[Owasp-leaders] Fwd: Stepping down as Board Member
jerry at owasp.org
Mon Feb 14 11:33:14 EST 2011
>>It's just me saying we lost one of the board's coders in Dinis and I
want a new one for the sake of OWASP.
While I don't think we should keep a strict polity of a "coder seat" on
the board - I agree with the sentiment of the post below. Since of all
the projects listed below, you only put "code!" on one of them, I say we
nominate the guy who runs that project! :)
Full Disclosure: Jim is a dear friend and we have done / do work
together - but regardless of that he is someone who definitely puts
OWASP in the forefront of his life. OWASP is full of great people who do
a lot to promote application security and OWASP, and I see Jim at the
tip of the spear.
On 2/15/11 12:20 AM, John Wilander wrote:
> 2011/2/14 Eoin <eoin.keary at owasp.org <mailto:eoin.keary at owasp.org>>
> Code orientated?
> Board members have been involved or lead projects such as testing
> guide, code review guide, ASVS, ESAPI, Top 10 (and cheat sheets),
> Live CD Project, WebGoat
> .....so from the above the majority of the board are coders, app
> testers, inventors so not sure what ur point is....?

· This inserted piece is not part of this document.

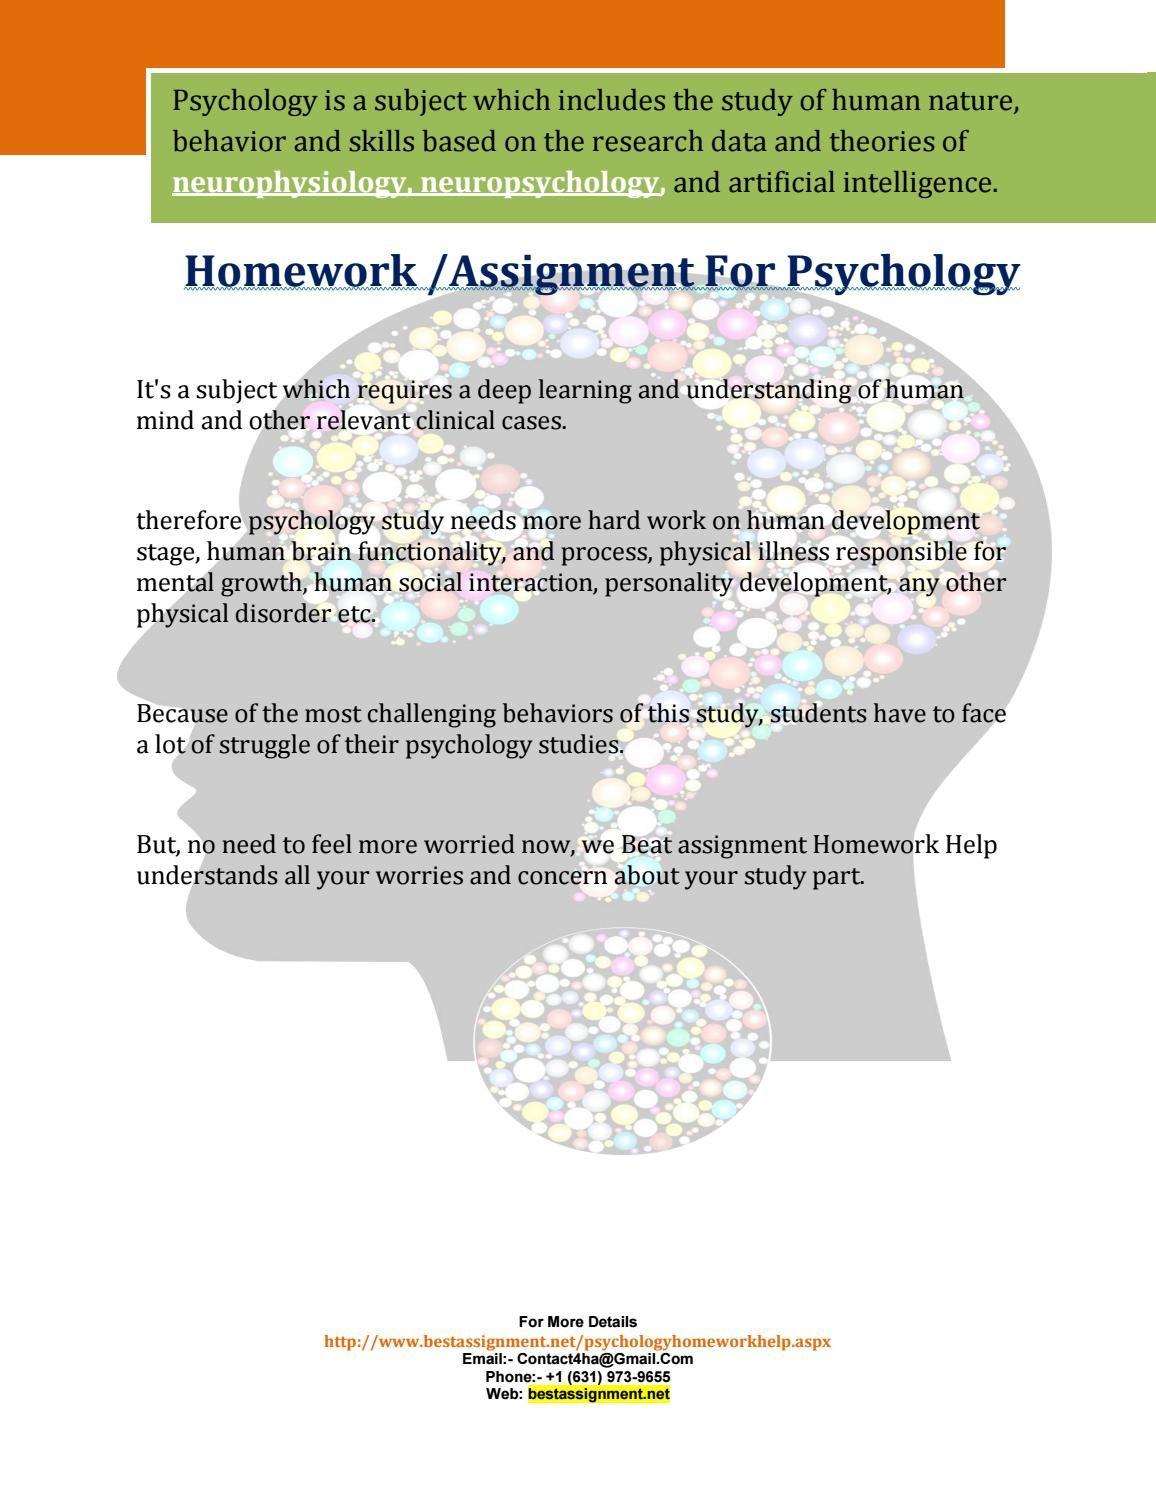 psychology homework help

> The projects you list are well-known, successful, and important. I
> hail their project leaders. But you and I apparently have different
> views on what code and coding is. I'll try to explain.

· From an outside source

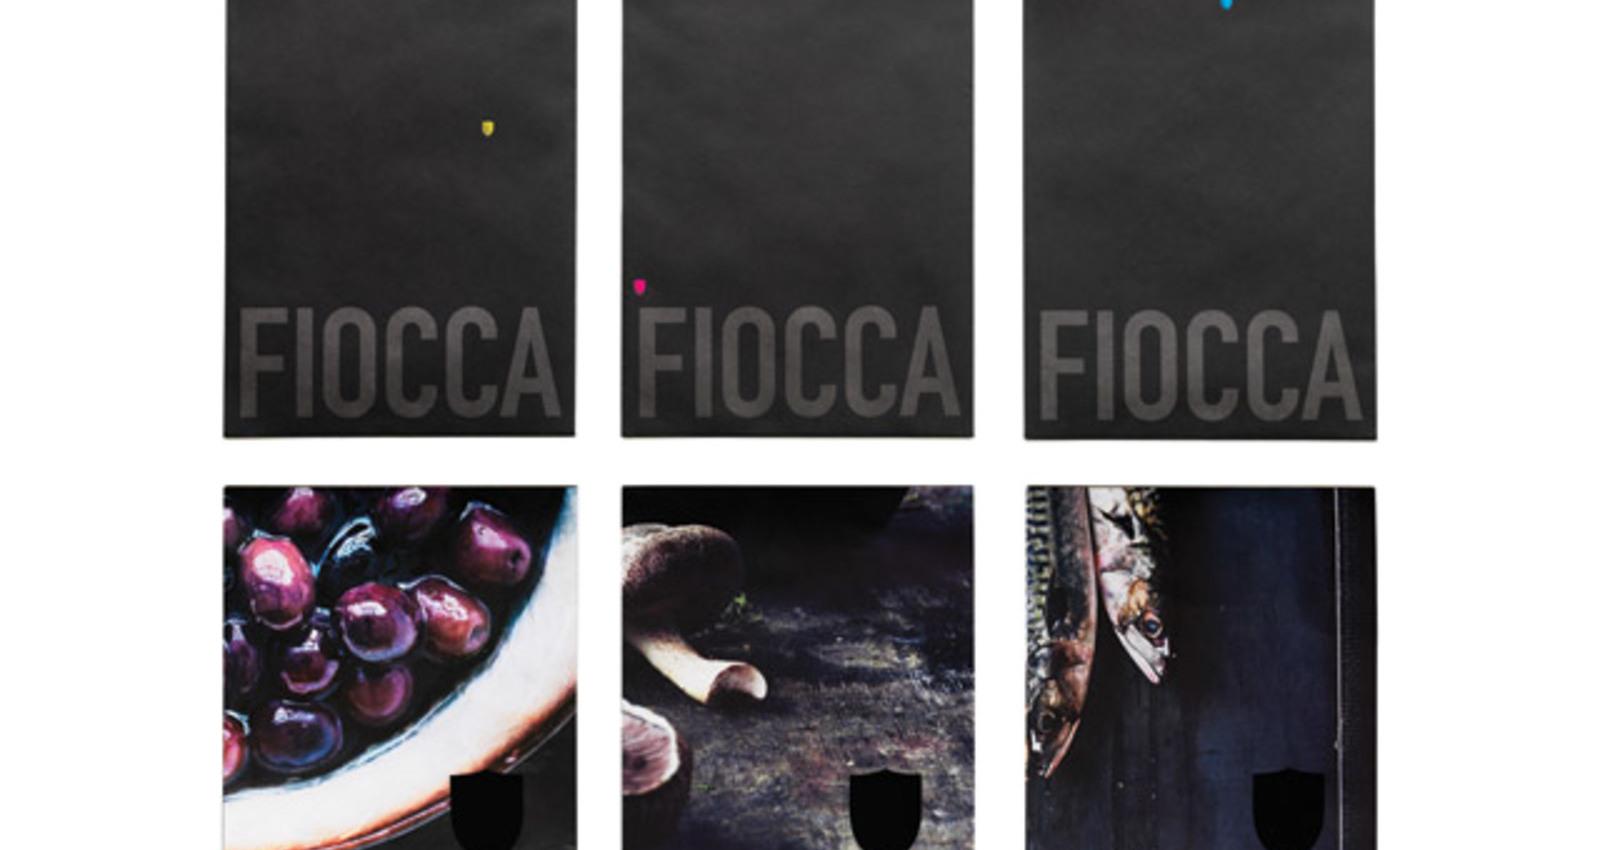 Fiocca Brand Identity Program

> Let me start by citing Scott Adams: "The Dilbert Principle":
> /If you’re writing code for a new software release, that’s
> fundamental, because you’re improving the product. But if you’re
> creating a policy about writing software then you’re one level removed./
> The term "code-oriented" is fuzzy. So to be concrete – *I'd like at
> least two board members to write production code weekly*. With that in
> mind, let's review the project list:
> * Testing guide – not code
> * Code review guide – not code
> * ASVS – not code
> * ESAPI – code!
> * Top 10 – not code
> * Cheat sheets – code snippets
> * Live CD Project – not code
> * WebGoat – code, but last release nine months ago
> I really appreciate all the projects above and all the work that has
> gone into them. Credit to their contributors! But we still need
> production code writers on the board.
> Why? Because coders and non-coders typically don't understand each
> other. So many business cases have never been pursued and so many
> software projects have been derailed because of this. Developers
> having to explain their "black magic" daily, estimates turning into
> negotiations, business requirements totally misunderstood, simple
> solutions missed, security/maintainability/testing not prioritized etc.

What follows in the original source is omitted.